David ClarkDavid Georgea16zFriday, May 29, 202615 min read

Andreessen Horowitz general partner David George and VenCap CIO David Clark argue that AI has broken several of venture capital’s old assumptions at once: the largest companies are scaling revenue faster, potential outcomes are getting much larger, and early leadership is proving less durable. George’s core test for AI winners is whether they are “in the token path” — directly tied to the flow of AI usage and spending — while Clark stresses that the same market may produce unprecedented exits and unusually fast turnover among apparent leaders.

The AI revenue curve has already broken the old venture frame

David George said the scale assumption that governed much of venture’s thinking about AI changed in November. Before then, he said, AI in the enterprise could still be contextualized as “a nebulous promise” around cloud, software, and productivity enhancement. Consumer AI could be modeled more like a consumer internet business: users, price, and eventual market size.

That framing no longer fits the numbers he is seeing. George said Anthropic and OpenAI are adding more revenue per month than Meta, Google, or Microsoft, even though “actual diffusion of this technology into the real economy is tiny” — less than 5% by his estimate. In coding and tech-forward companies, adoption is much further along. Across most other enterprise functions, he said, companies are “nowhere” near full utilization of the capabilities.

<5%
George’s estimate of AI diffusion into the real economy

The implication, in George’s view, is that the current revenue curve is not a late-stage saturation story. It is happening before broad enterprise penetration. He said he would not be surprised if OpenAI and Anthropic together reached a $200 billion revenue run rate by the end of the year.

$200B
George’s possible year-end combined revenue run rate for OpenAI and Anthropic

George framed that number against the profit pool of large enterprises. The Fortune 500 or S&P 500, he said, collectively generate roughly $2 trillion of profit per year. If two AI model companies alone are approaching $200 billion of revenue run rate, that is already on the order of 10% of that profit base, before adding open-source usage or other vendors.
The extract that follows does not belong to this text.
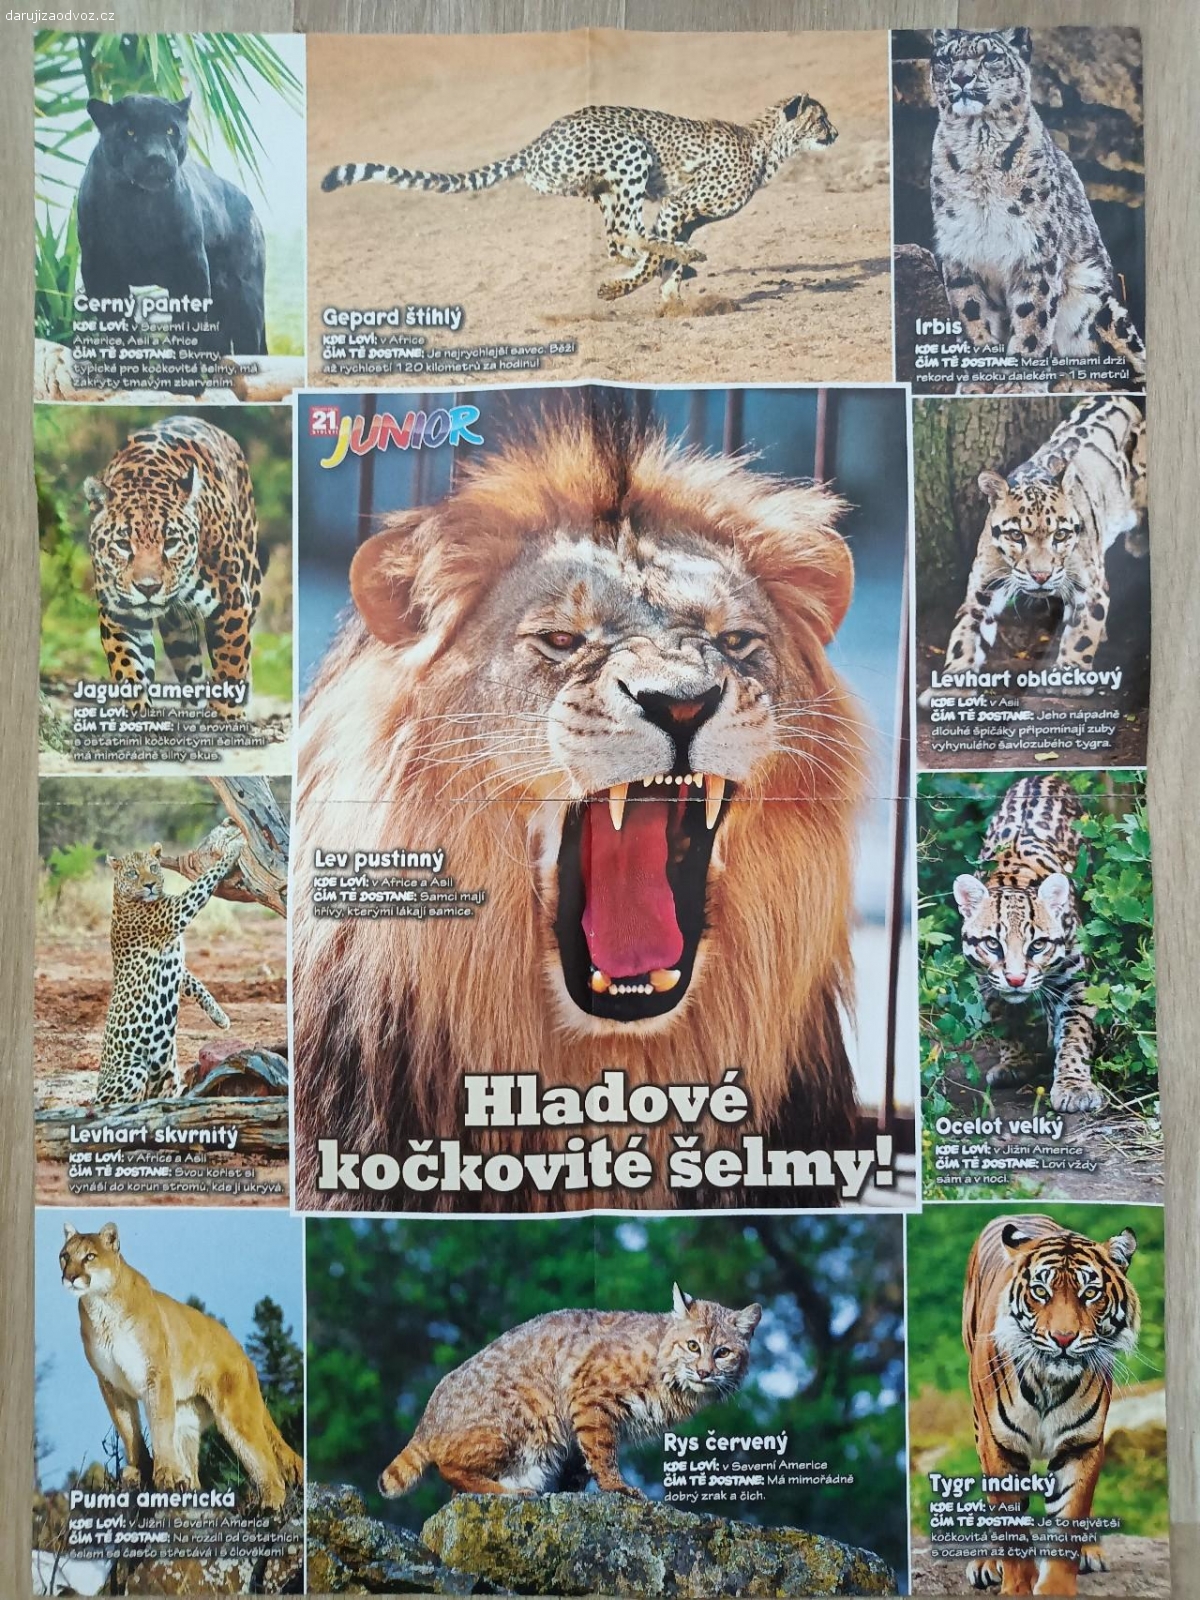 Plakát kočkovité šelmy. Plakát kočkovitých šelem o rozměrech 41,5 x 58 cm. Z časopisu 21. století Junior
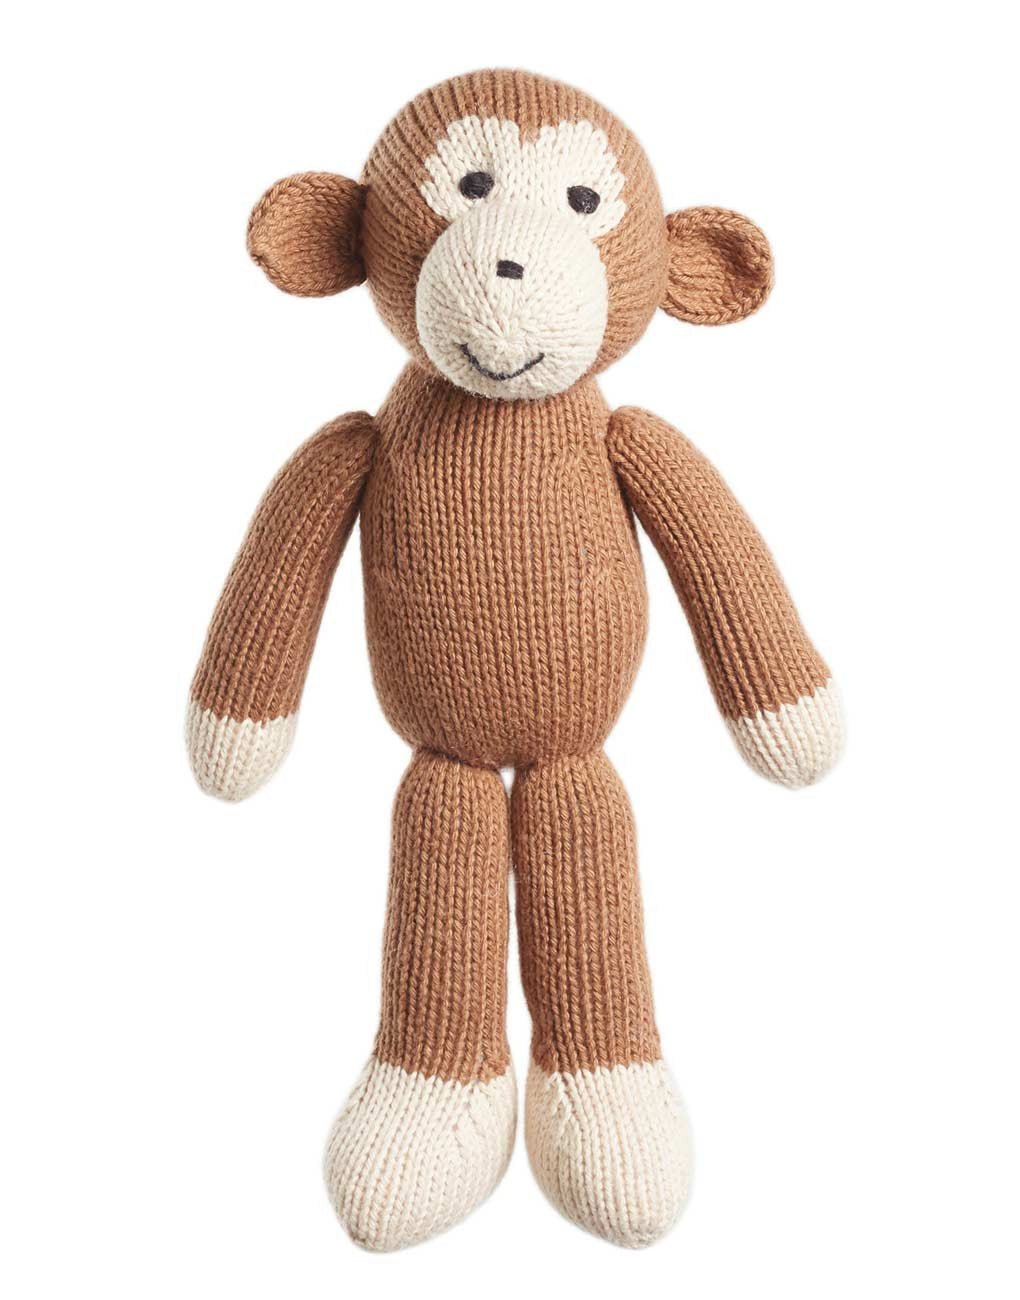 small stuffed monkey toy

That creates a practical question rather than just a valuation question: where will the dollars come from? George said enterprises will have to pay for AI somehow. That pressure is one reason he now expects open source and local deployment to matter sooner than previously assumed. Earlier arguments for local and open-source AI may have been strategic or architectural. In George’s telling, cost will force the issue faster.

The usage pattern he expects is not confined to software engineering. Coding is the clearest current example of what happens when models become good enough and products around them become good enough: usage takes off. George said he is beginning to see similar dynamics in legal work, even though legal is much smaller than coding. He expects takeoff patterns across “a bunch of different functions and organizations and verticals” over the next 12 months.

The first AI apps make existing work cheaper; the native ones change how companies operate

David Clark used Chris Dixon’s framing of early technology cycles: the first applications are often skeuomorphic, carrying over the forms of the old medium before native applications emerge. In AI, Clark said, most users are still applying the technology to do their existing jobs faster, cheaper, or more efficiently. The more native phase is beginning to appear around agentic AI.

George’s answer was that the biggest enterprise change has barely started: companies are not yet being run differently. He distinguished between two kinds of AI adoption inside companies. The first is product work — building new AI-enabled products or capabilities for customers. The second is internal operating transformation — automating or reorganizing how the company itself runs.

At the best companies, George said, the scarce resources are mostly going to product and new things, not internal automation. The best engineers want to work on product, and management understands that the prize from getting the product right is large. More mature companies may be better suited to reworking internal operations, but they are also slower adopters.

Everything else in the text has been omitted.